### Task directions
Beginning with the line that holds "Tennesee River Swim Team Short Sleeve Shirt", copy every remaining line of the listing below exactly, and leave the pictures out.

### Data provided
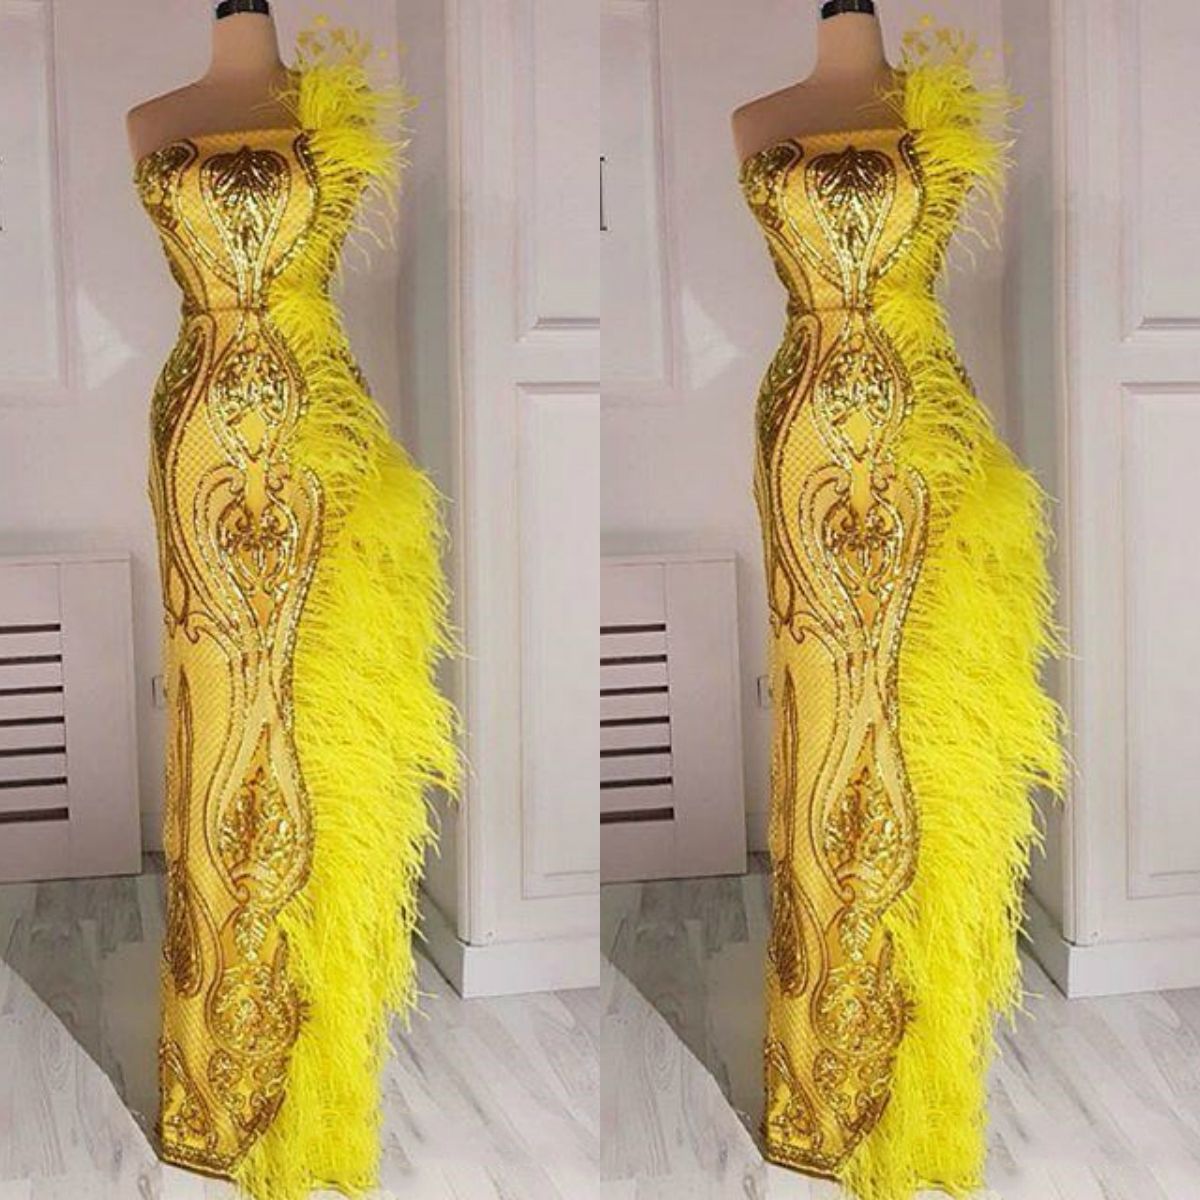 glamorous yellow dress
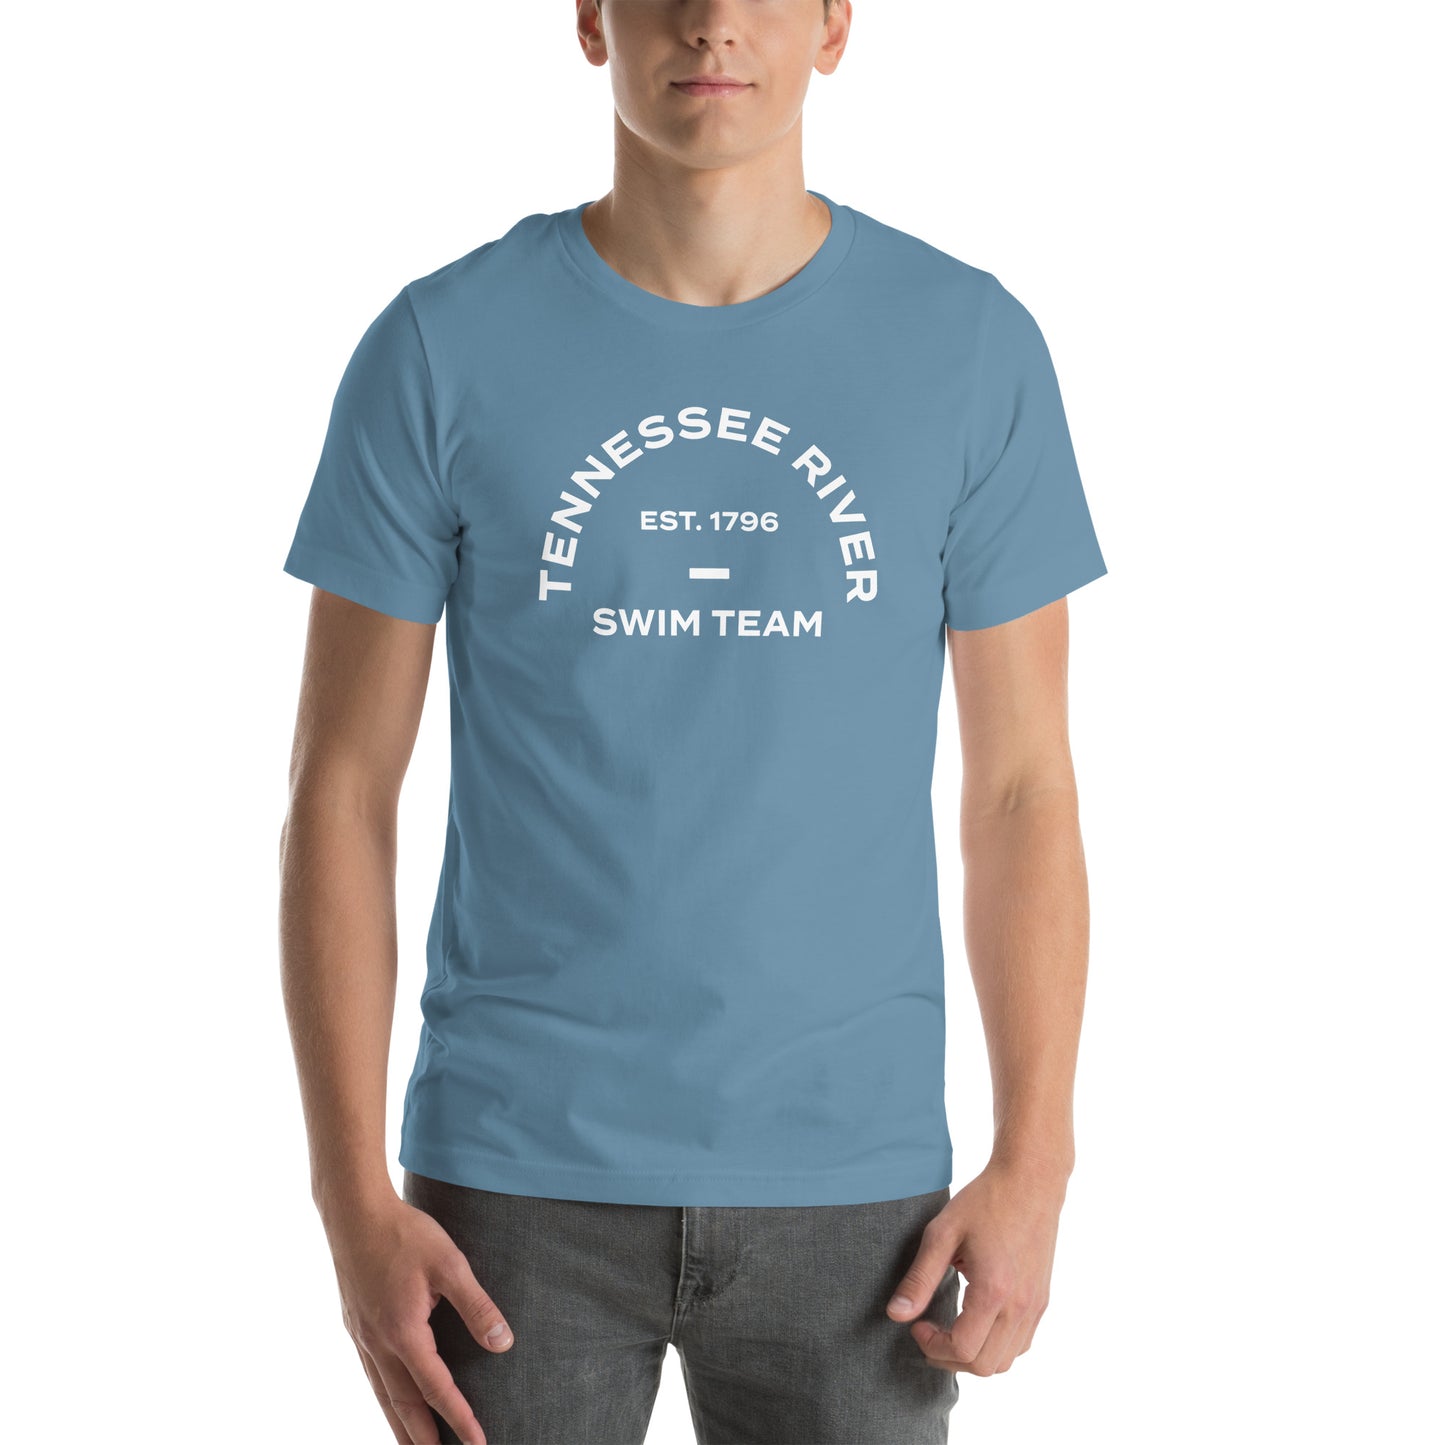 Tennesee River Swim Team Short Sleeve Shirt
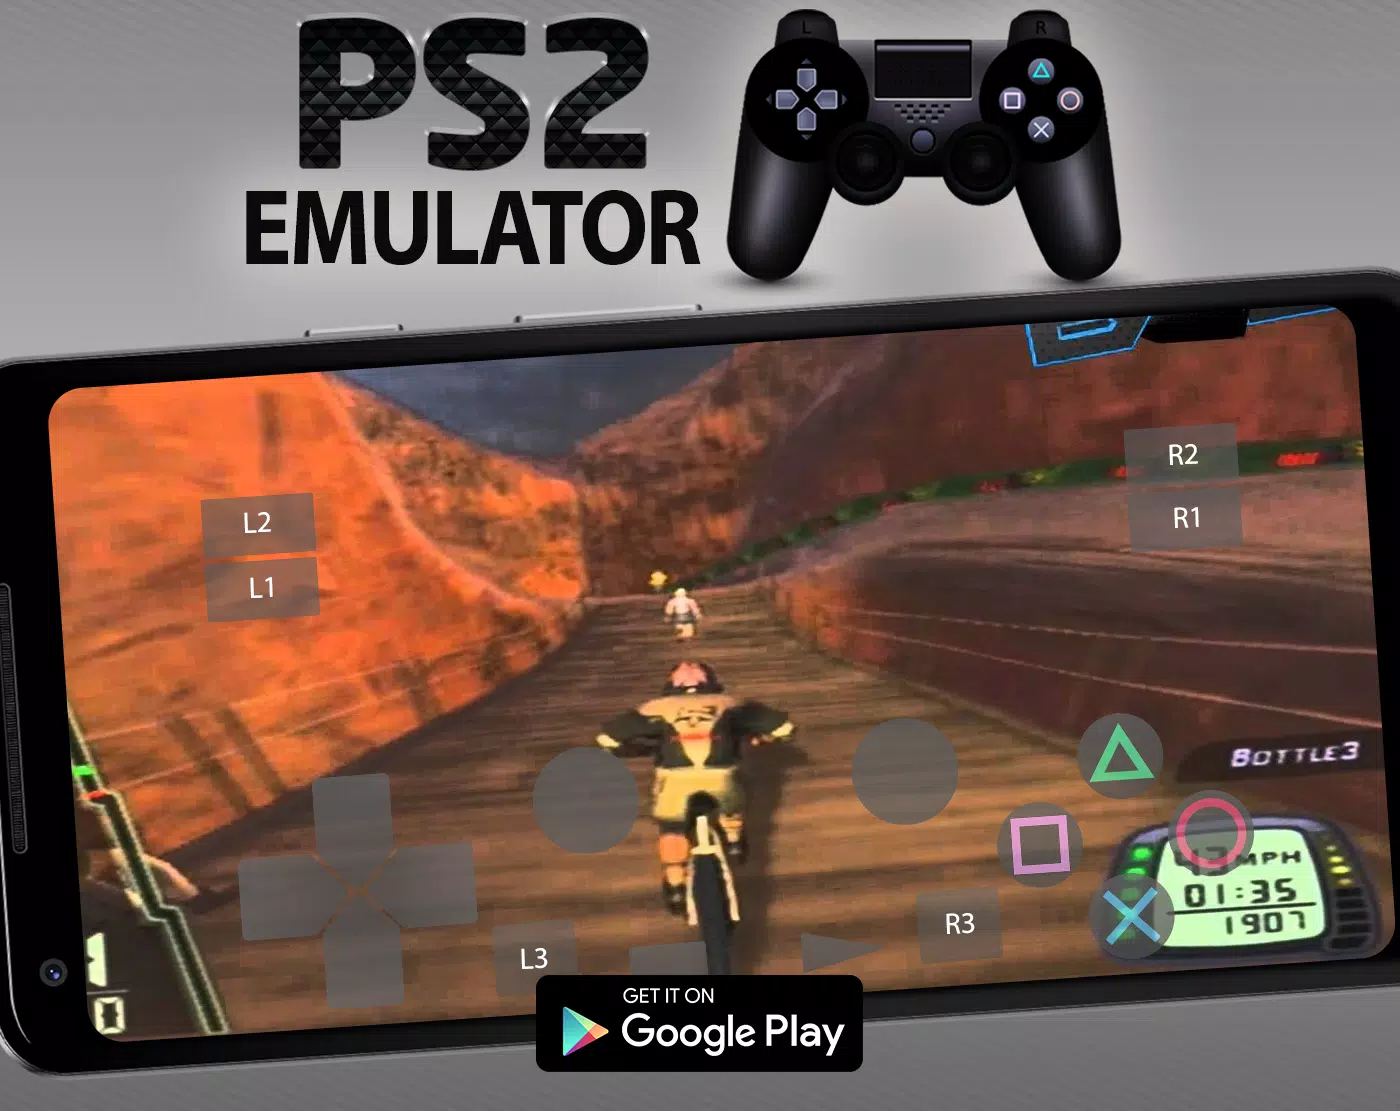 New PS2 Emulator - PRO PlayStation 2 Emulator for Android - APK Download

### Output of the exercise
 Tennesee River Swim Team Short Sleeve Shirt
 New PS2 Emulator - PRO PlayStation 2 Emulator for Android - APK Download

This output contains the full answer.